Chandler, R. J., et al. (2015). Vector design influences hepatic genotoxicity after adeno-associated virus gene therapy. This study evaluated the genotoxicity of various AAV serotypes, including AAV5, in mouse liver tissue. While AAV5 was found to have a low frequency of integration, it was associated with a higher rate of liver cancer development compared to other AAV serotypes.
Chandler, R. J., et al. (2015). Vector design influences hepatic genotoxicity after adeno-associated virus gene therapy. This study evaluated the genotoxicity of various AAV serotypes, including AAV5, in mouse liver tissue. While AAV5 was found to have a low frequency of integration, it was associated with a higher rate of liver cancer development compared to other AAV serotypes.
Chandler et al. (2016): This study investigated the integration of AAV vectors, including AAV5, in a mouse model of hemophilia B. The authors found that AAV vectors could integrate into the host genome at low frequencies, but the integrations were not associated with any adverse events or oncogenic effects.

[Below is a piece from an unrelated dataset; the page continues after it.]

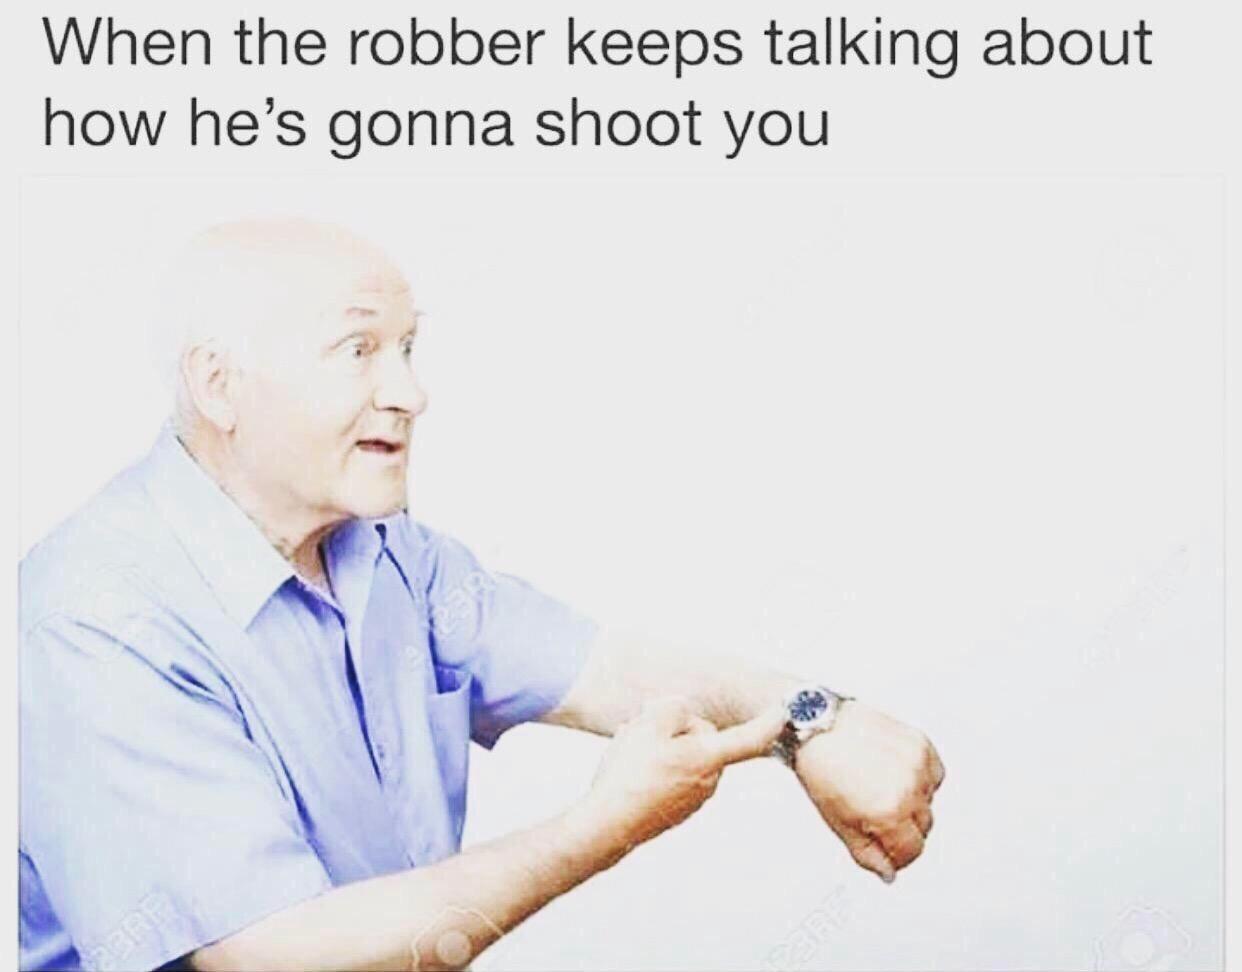 I just wanna die homie - meme

Gil-Farina et al. (2017): This study investigated the safety of an AAV5-based gene therapy for hemophilia B in a phase 1/2 clinical trial. The authors reported no evidence of genotoxicity or adverse events related to AAV5 integration during the study.
Gil-Farina et al. (2017): This study investigated the safety of an AAV5-based gene therapy for hemophilia B in a phase 1/2 clinical trial. The authors reported no evidence of genotoxicity or adverse events related to AAV5 integration during the study.
Hordeaux et al. (2018) conducted a study in which AAV5 was used to deliver a therapeutic gene to the brains of nonhuman primates. They found evidence of AAV5 integration into the host genome in some of the treated animals, but the frequency of integration was low and there was no evidence of any adverse effects associated with integration.
Chandler et al. (2017) used whole-genome sequencing to analyze liver tissue from a patient who had received an AAV5-based gene therapy for hemophilia B. They found evidence of AAV5 integration into the host genome at a single site, but the integration was not associated with any adverse effects and the patient continued to benefit from the therapy.
Ginn et al. (2018): This review article summarized the current understanding of AAV integration and genotoxicity. The authors noted that while AAV5 can integrate into the host genome at low frequency, there is no evidence to suggest that AAV integration is associated with oncogenicity or other adverse events in humans.
Ginn et al. (2018): This review article summarized the current understanding of AAV integration and genotoxicity. The authors noted that while AAV5 can integrate into the host genome at low frequency, there is no evidence to suggest that AAV integration is associated with oncogenicity or other adverse events in humans.